Linux currently supports 64 types of signals. The signal is divided into non-real-time signal (unreliable signal) and real-time signal (reliable signal) two types, corresponding to the Linux signal value of 1-31 and 34-64. (in detail, see part II)

The signal is asynchronous, and a process does not have to wait for the signal to arrive by any action, in fact, the process does not know exactly when the signal arrives. This paper focuses on the signal processing mechanism of Linux, the more information about the signal can be referenced here.

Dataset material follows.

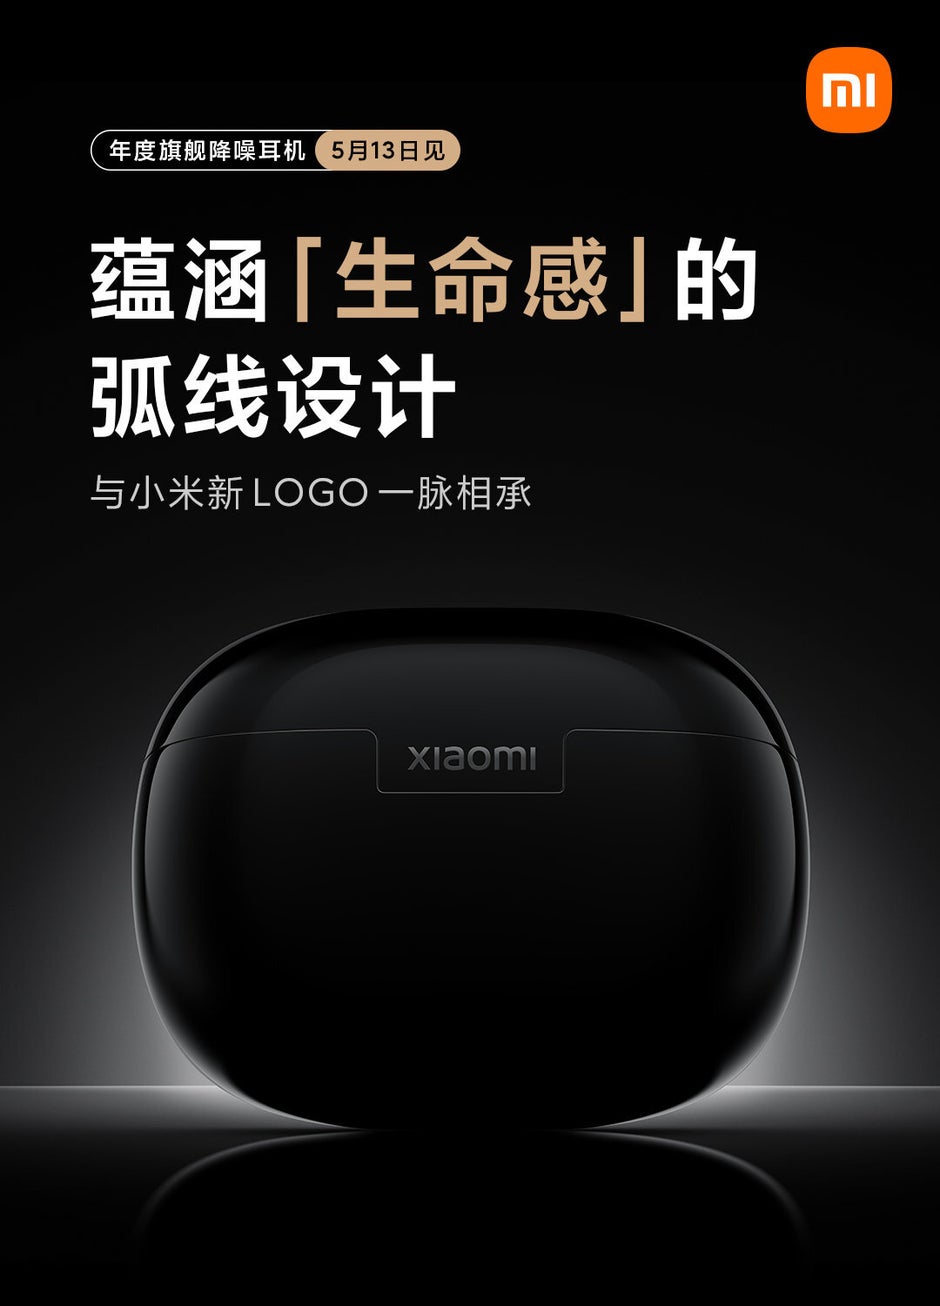 Xiaomi to release new Noise Cancelling earbuds on May 13

In general, when a process receives a signal, the following behavior occurs:

The response of the process to the signal

    1. Ignoring signals: Most signals can be ignored, except for Sigstop and Sigkill signals (this is the means by which super users kill or stop arbitrary processes).
    2. Capture signal: Registers a signal processing function, which processes the specific signal produced.
    3. Let the signal default action work: The UNIX kernel defines the default action in 5 scenarios:
      • A) aborted abort: Terminates the process and produces a core file.
      • b) Terminate stop: Terminates the process without generating a core file.
      • c) Ignore: Ignore signal.
      • d) Suspend suspend: Suspend process.
      • E) Continue continue: If the process is suspended, the resume process, otherwise ignores this signal.

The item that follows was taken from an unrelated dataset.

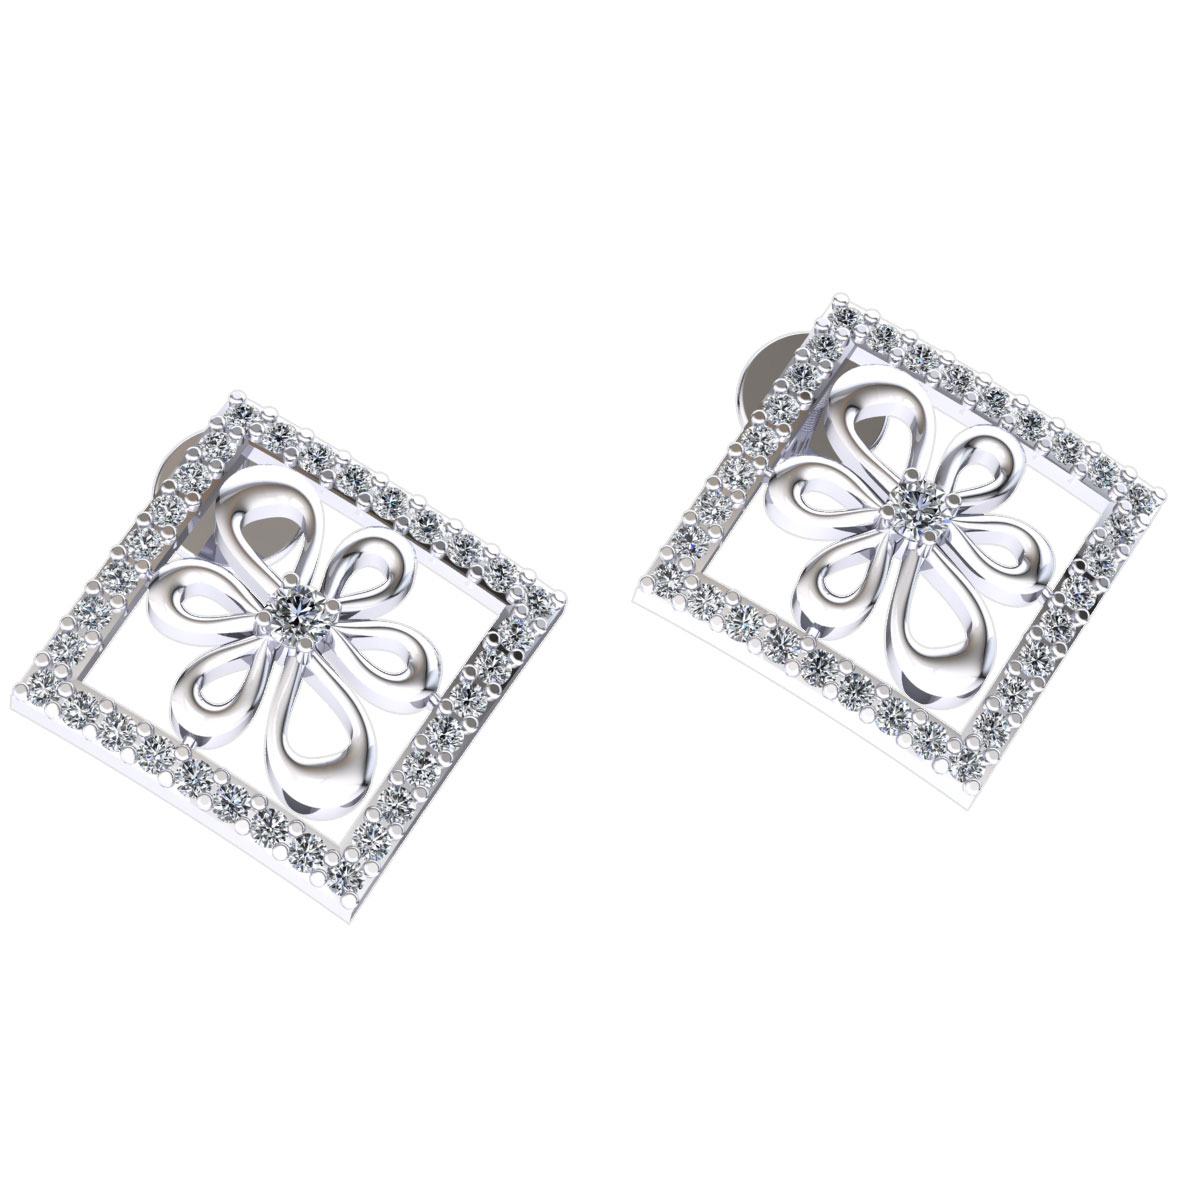 Details about   0.35ctw Genuine Round Cut Diamond Ladies Flower Square Earrings Solid 10K Gold

Registering Signal processing functions

If you want the process to capture a signal and then make the appropriate processing, you need to register the signal processing function. Similar to interrupts, the kernel also prepares a signal vector table for each process , which records the processing mechanism of each signal, by default invoking the default processing mechanism. When the process registers a signal handler for a signal, the kernel invokes the registered function when that signal occurs.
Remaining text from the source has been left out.